(Data):
--- START ---
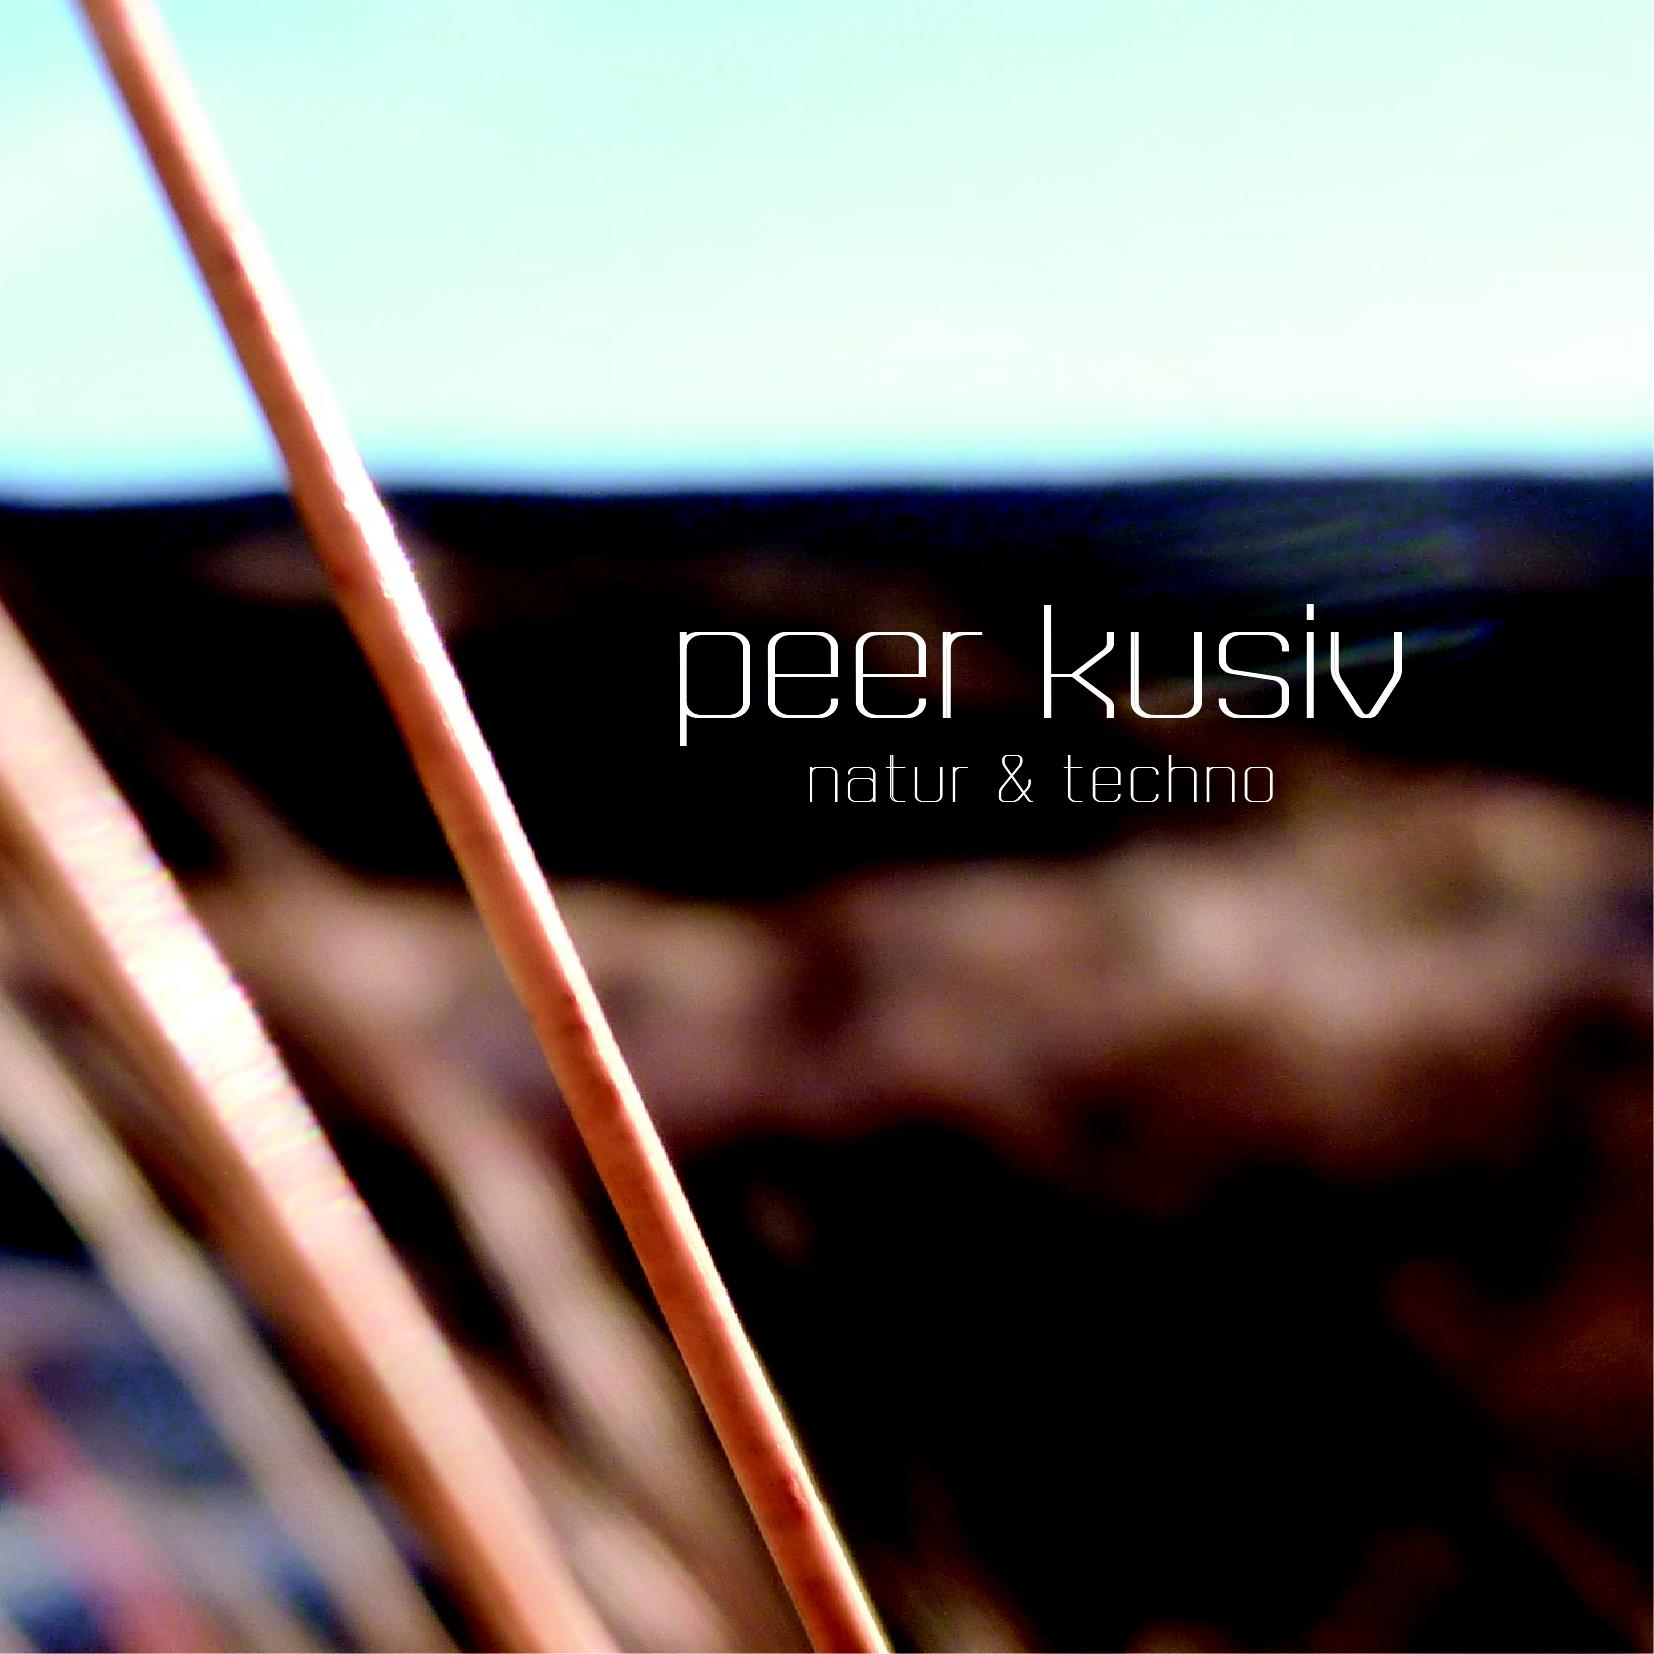 Peer Kusiv - Natur & techno
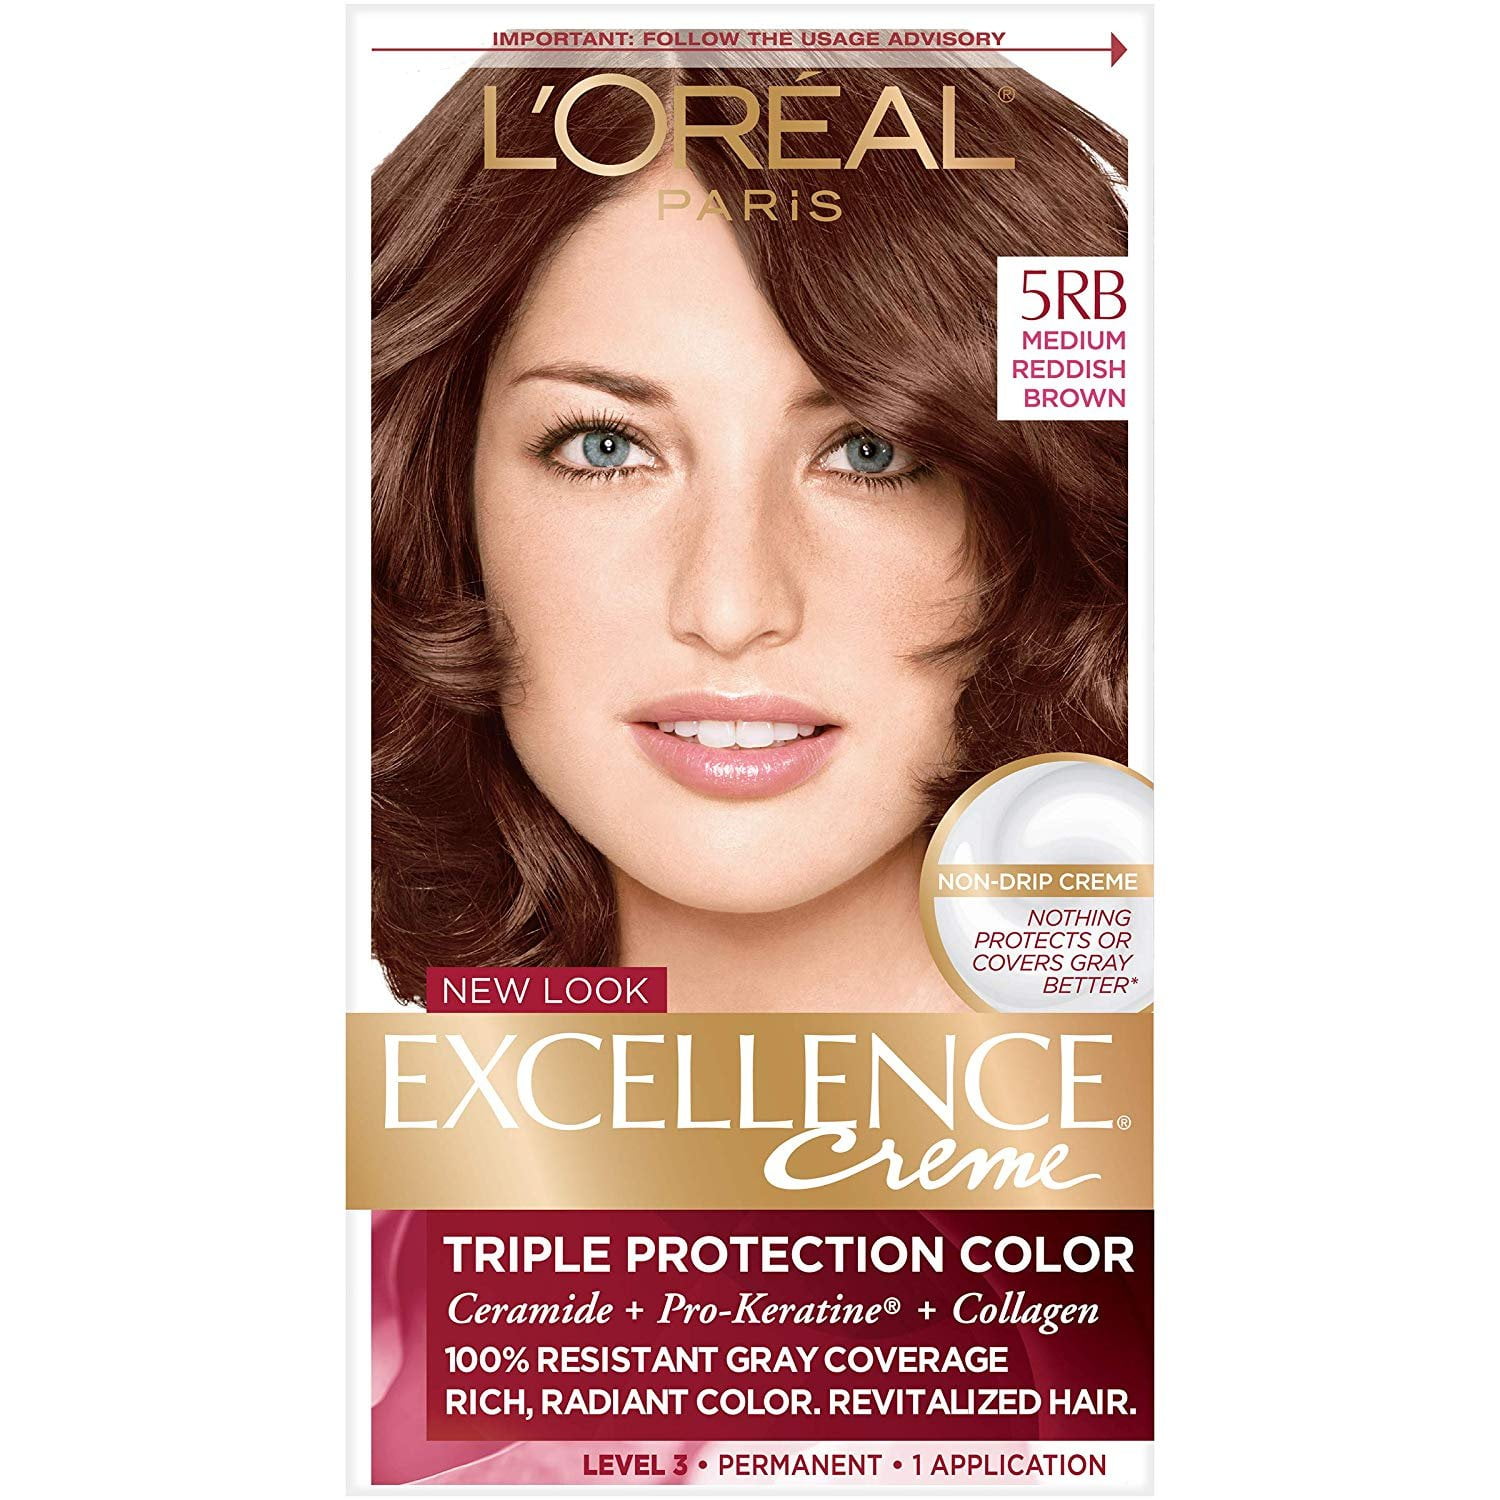 L'Oréal Paris Excellence Créme Permanent Hair Color, 5RB Medium Reddish ...
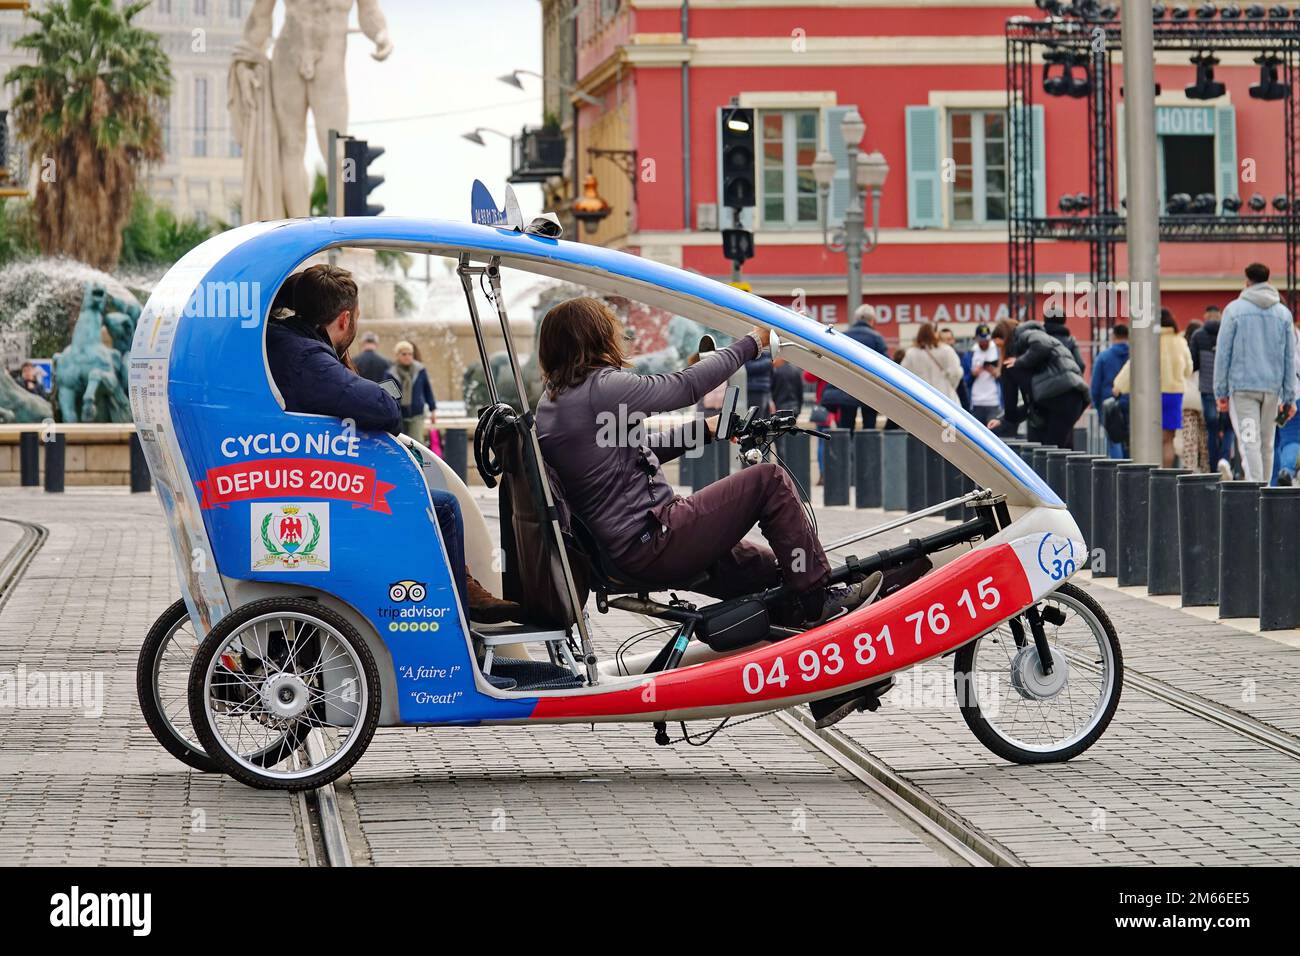 Elektrisches Dreirad für Sightseeing oder einfache Transfers im Stadtzentrum. Nizza, Frankreich - 2022. Dezember Stockfoto
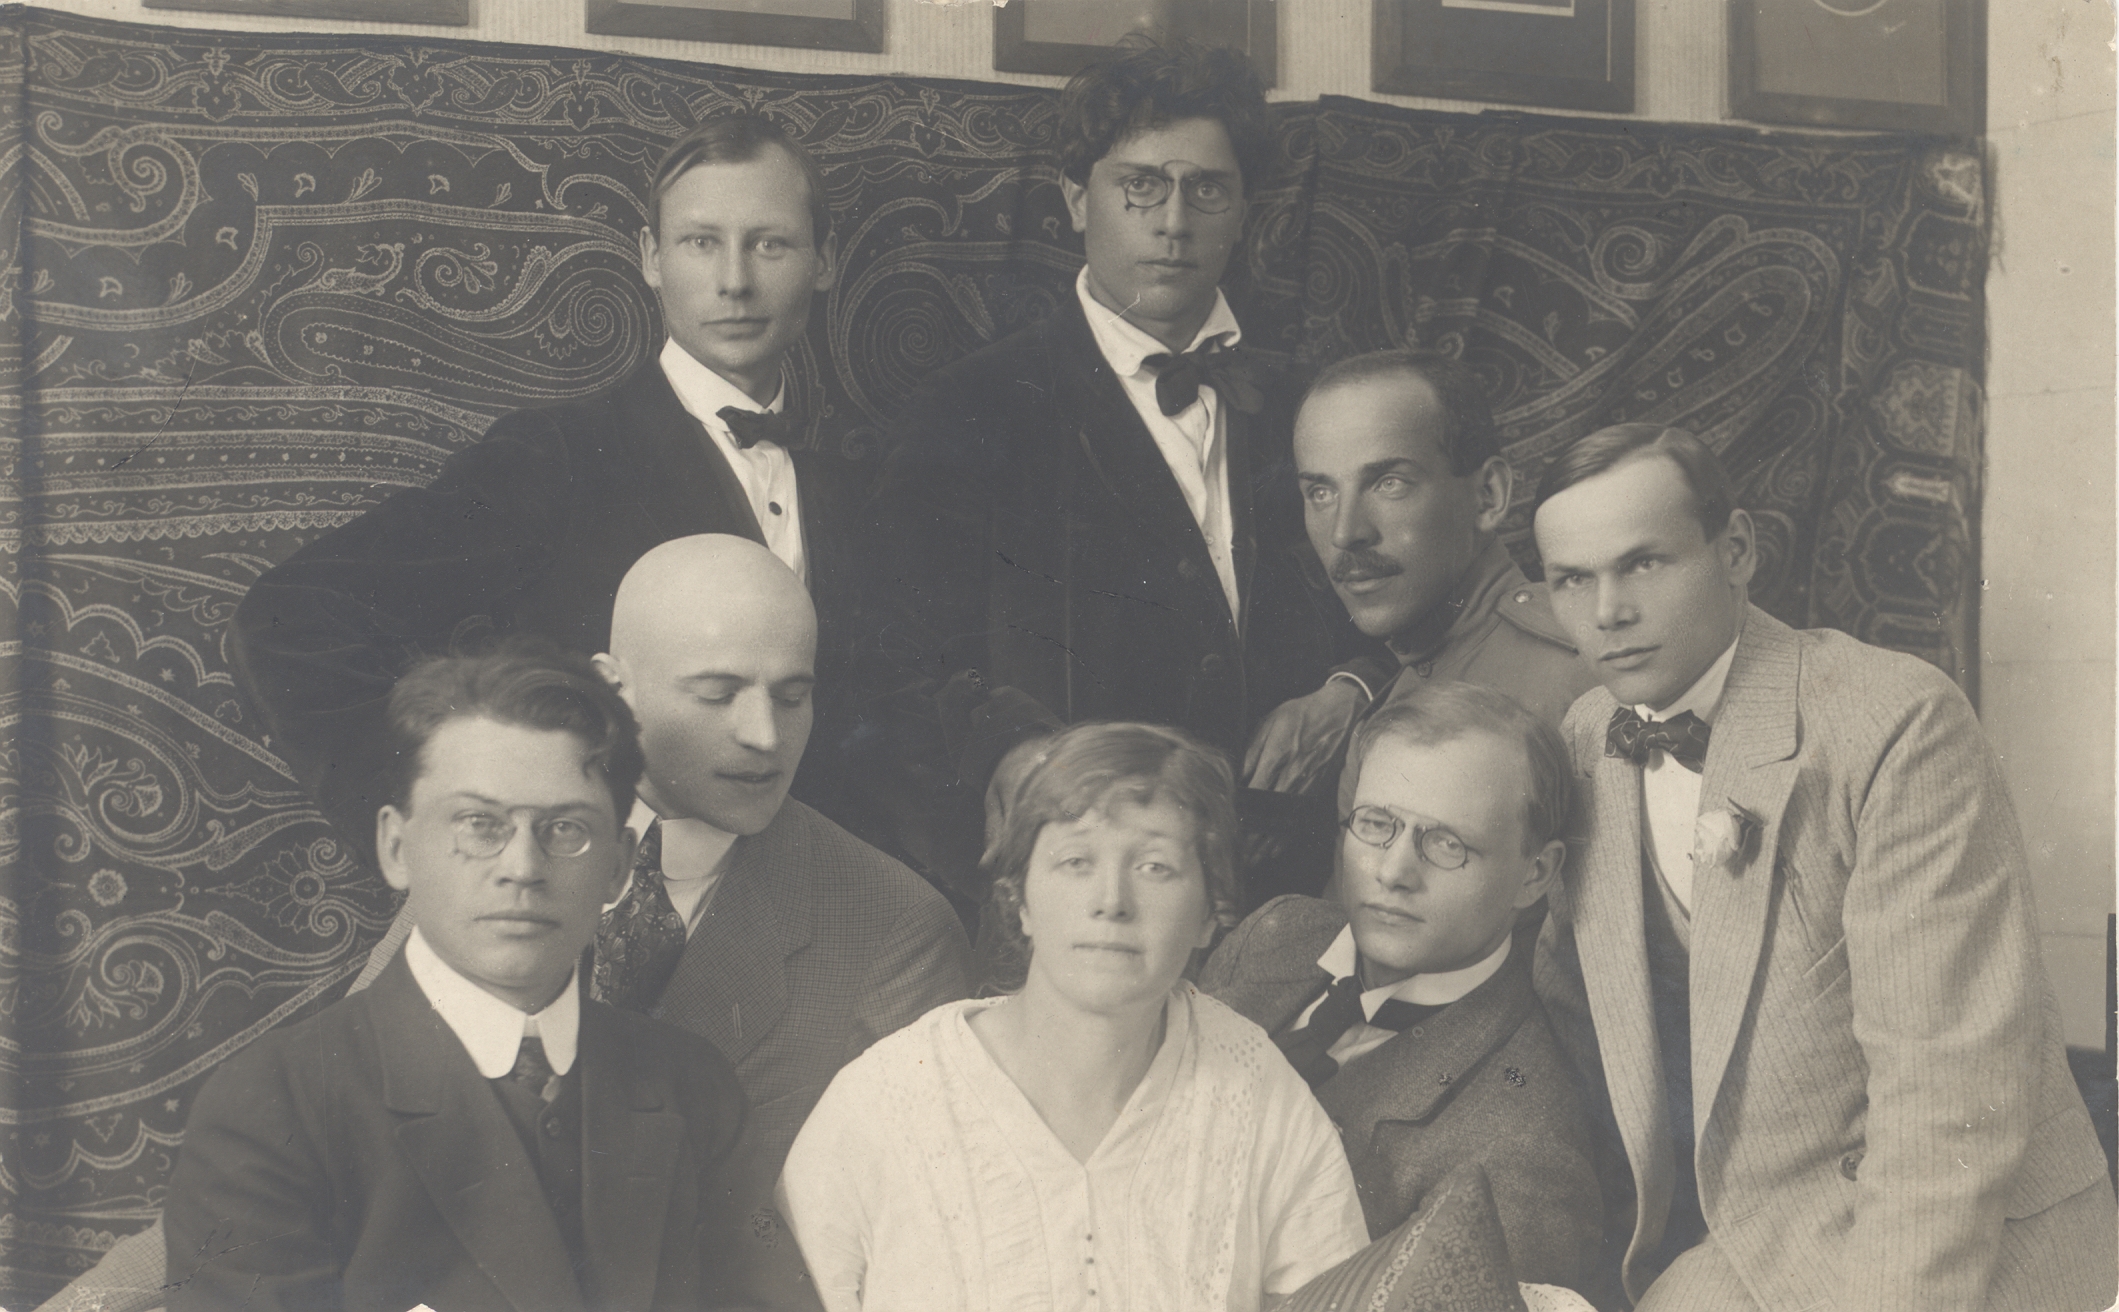 Siuru 1917: p. Aren, o. Krusten, Fr. Tuglas, a. Adson, m. Under, a. Gailit, J. Semper, h. Visnapuu
--- END ---
(Your task):
Please output the entire listing above verbatim and omit its images.

(Expected answer):
 Peer Kusiv - Natur & techno
 L'Oréal Paris Excellence Créme Permanent Hair Color, 5RB Medium Reddish ...
 Elektrisches Dreirad für Sightseeing oder einfache Transfers im Stadtzentrum. Nizza, Frankreich - 2022. Dezember Stockfoto
 Siuru 1917: p. Aren, o. Krusten, Fr. Tuglas, a. Adson, m. Under, a. Gailit, J. Semper, h. Visnapuu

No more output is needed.